# **NBA - Team and players analysis - season 2017**

#### For my first project on Kaggle, i searched a dataset on a subject i am passionate about: The NBA.
#### Here, i will be looking to analyze teams and try to understand what makes them valueable. Later on, i will analyse players, their performance and more.

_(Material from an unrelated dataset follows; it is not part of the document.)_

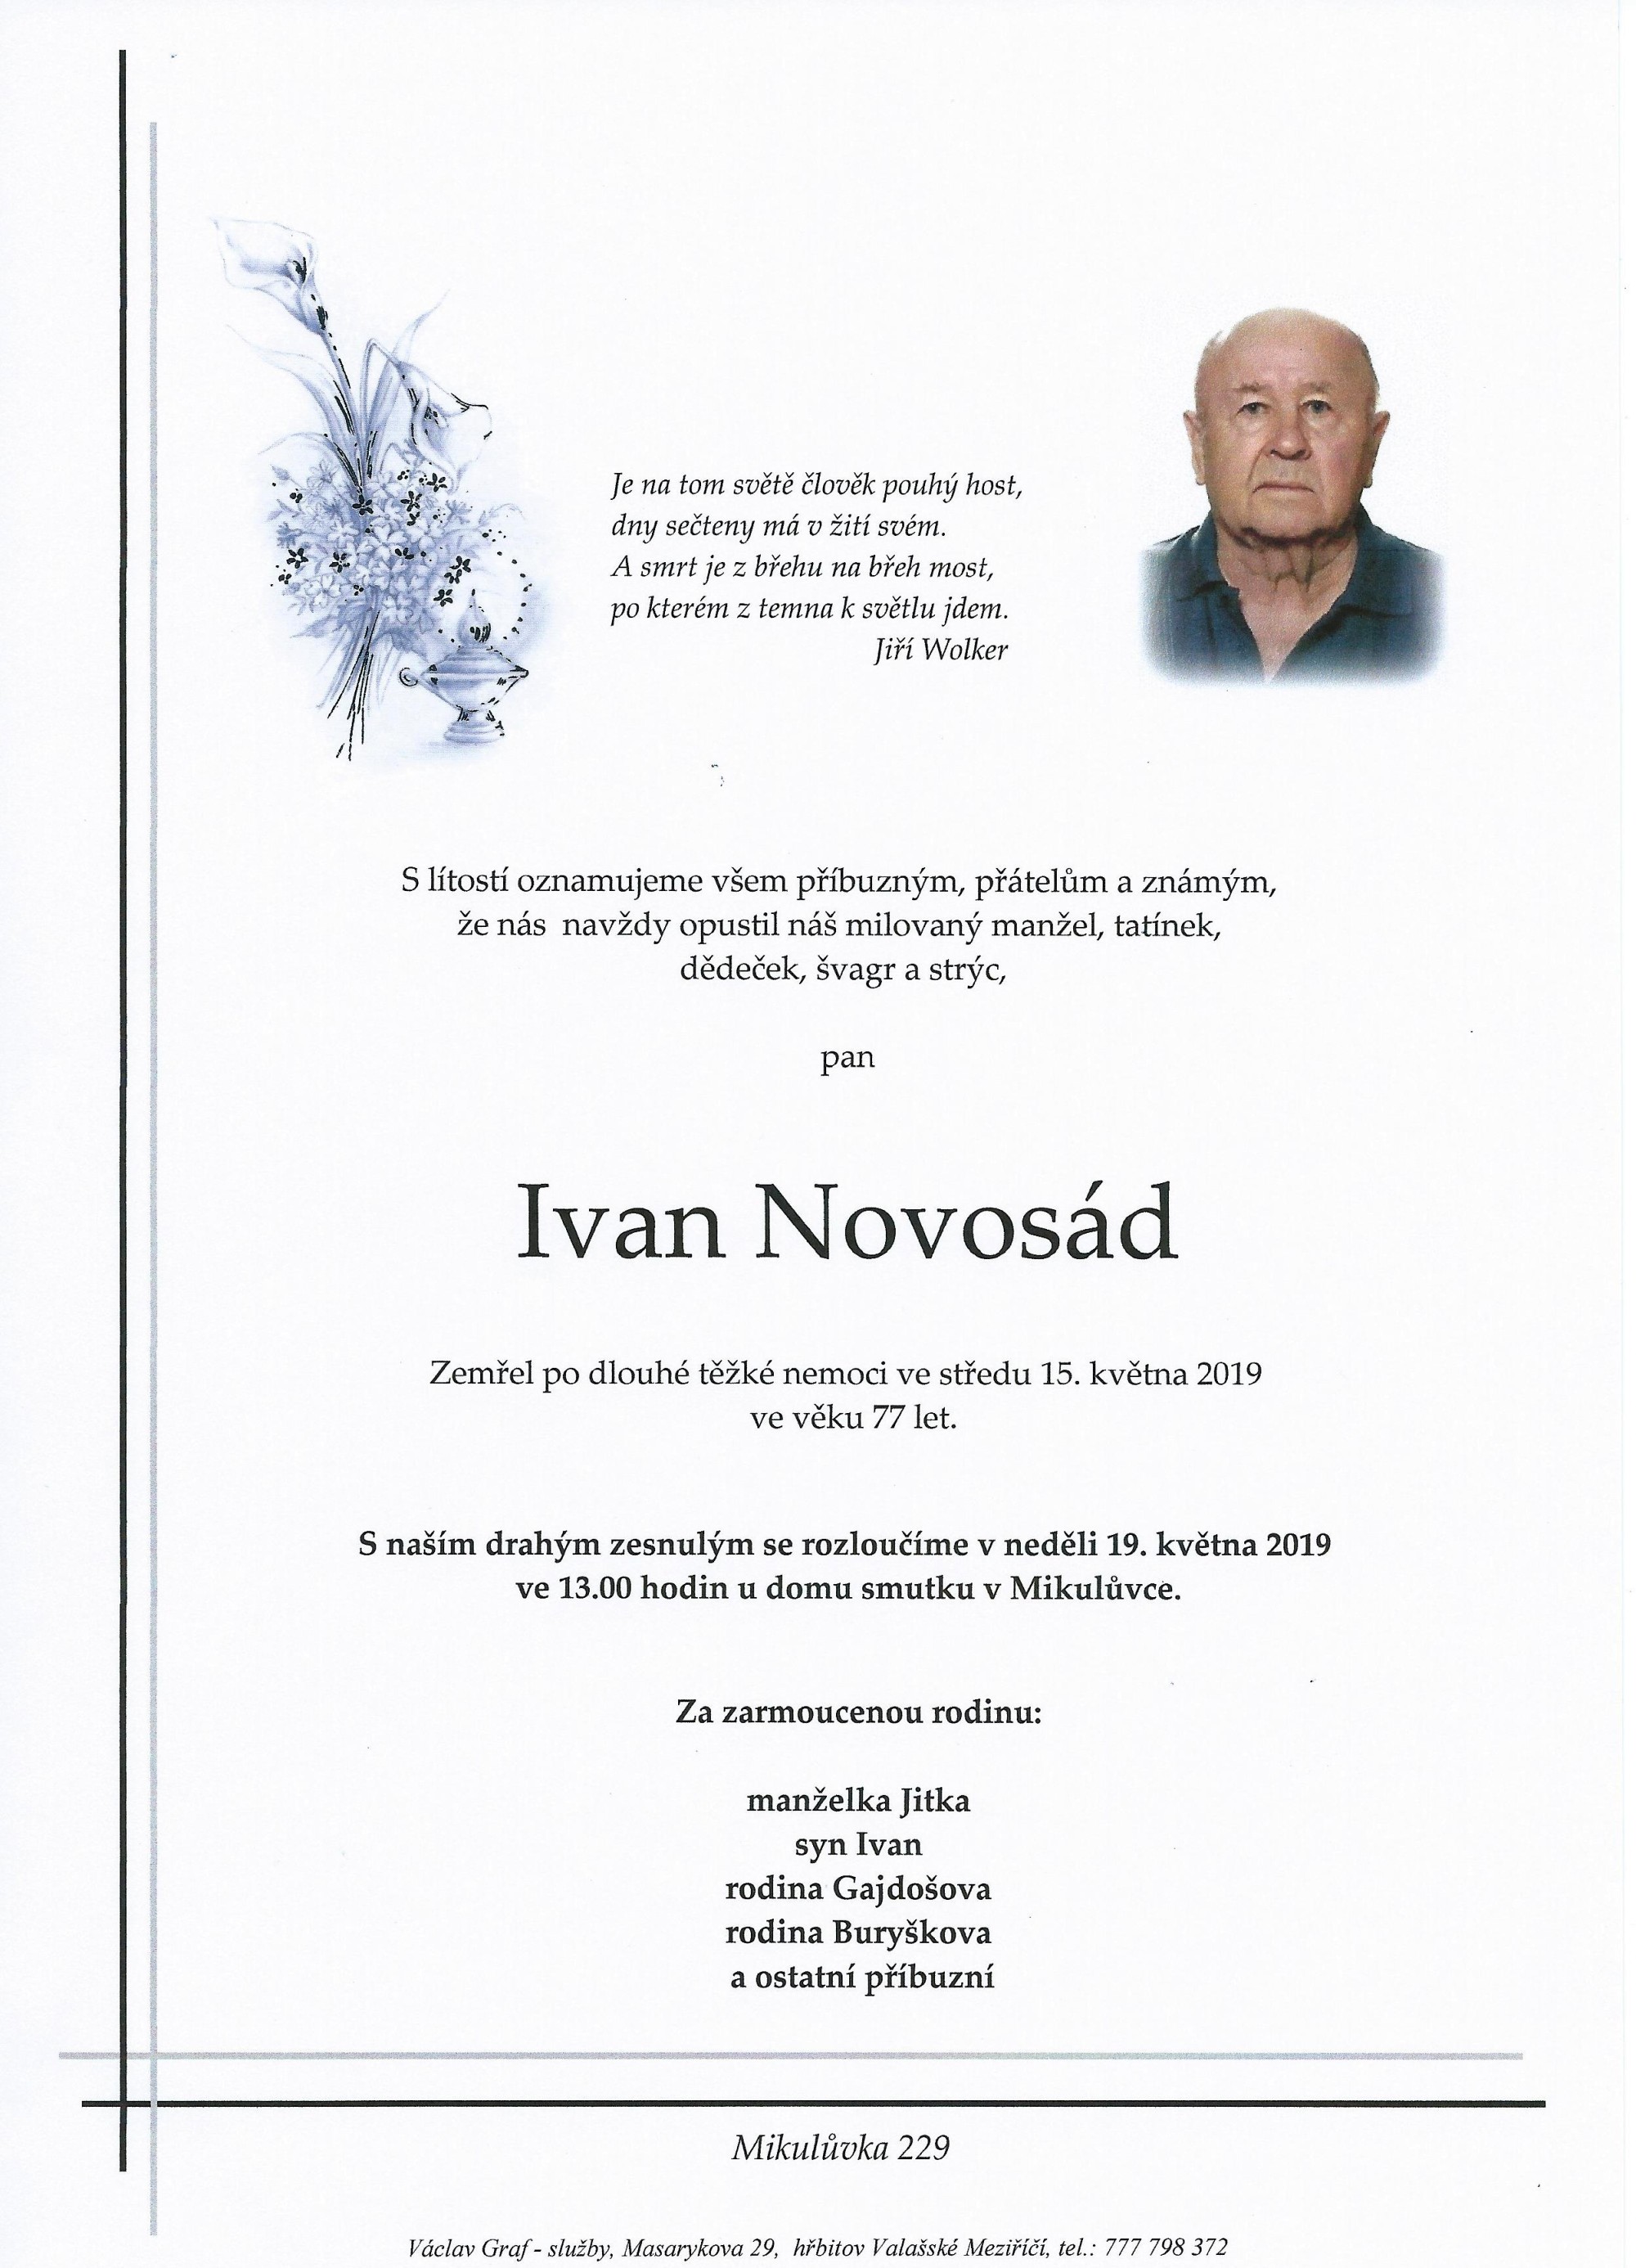 Ivan Novosád

#### On a personal level, I'm doing this to practice both my vizualisation and my analysis skills in Python. I'm still learning, so any recommendation would be of great value for me.

#### Hope you like it!

## Libraries

In [None]:
import pandas as pd
import numpy as np
import matplotlib.pyplot as plt
import seaborn as sns

## Palette

In [None]:
color = sns.diverging_palette(220, 20, as_cmap=True)
color

## Team valuations (2017)


### What makes a team valuable?
#### Possible answers to check:
##### 1. Their actual performance.
##### 2. Their past performance.
##### 3. The number of people who attend the games.
##### 4. Their players.

In [None]:
team_valuation = pd.read_csv('../input/social-power-nba/nba_2017_team_valuations.csv')
team_valuation.head()

In [None]:
fig, ax = plt.subplots(figsize=(16,9))

sns.set(font_scale = 1.5)

sns.scatterplot(y=team_valuation['TEAM'], x=team_valuation['VALUE_MILLIONS'],
                palette=color,
                ec='black',linewidth=1,
                hue=team_valuation['VALUE_MILLIONS'],
                size=team_valuation['VALUE_MILLIONS'],
                sizes=(100,300)).set_title('NBA Team Valuations 2017')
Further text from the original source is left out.